Disclosure of Invention
In order to solve the technical problems, the invention discloses a beauveria bassiana antibacterial peptide gene promoter P BbAFP1 The promoter provides a new choice for improving and utilizing entomogenous fungi by a molecular biological means, and can improve the characteristics of the spores on adverse environments such as ultraviolet resistance, stress resistance and the like by utilizing the expression of a regulatory gene in the later period of sporulation.

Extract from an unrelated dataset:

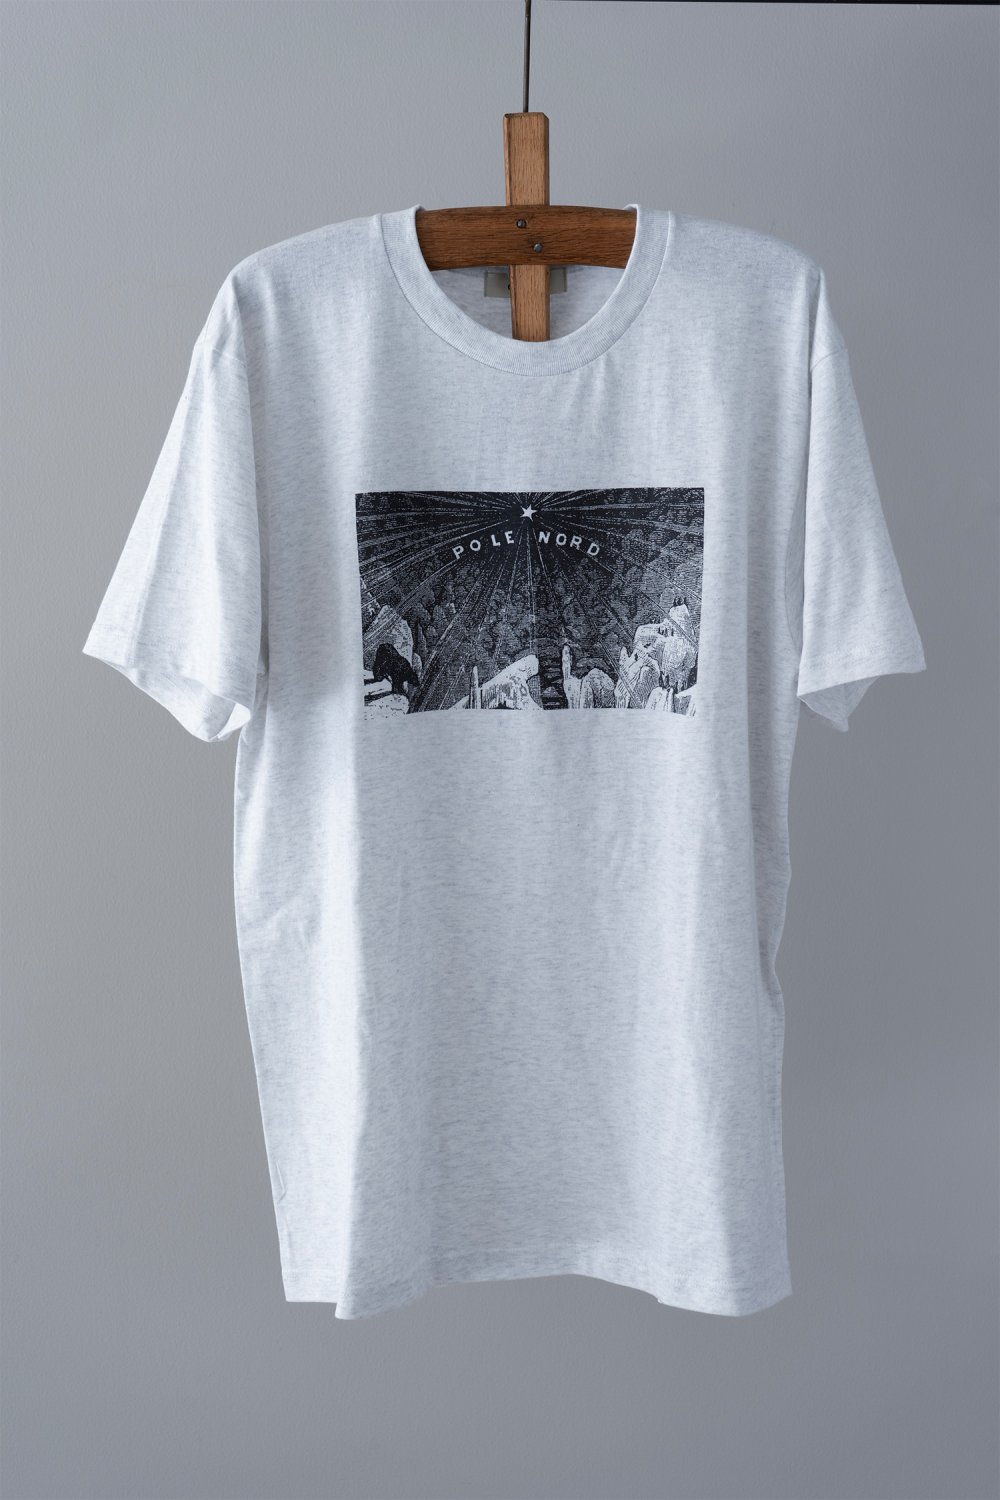 eLfinFolk Pole Nord T-shirt ( Light Gray )

The invention is realized by the following technical scheme:
antibacterial peptide gene promoter P BbAFP1 Use in the modification of entomogenous fungi spores.
Specifically, the application is the application in regulating and controlling gene expression after sporulation of the entomogenous fungi or improving entomogenous fungi spores.
Specifically, the antibacterial peptide gene promoter P BbAFP1 Is derived from Beauveria bassiana.
Further, the entomogenous fungus is beauveria bassiana.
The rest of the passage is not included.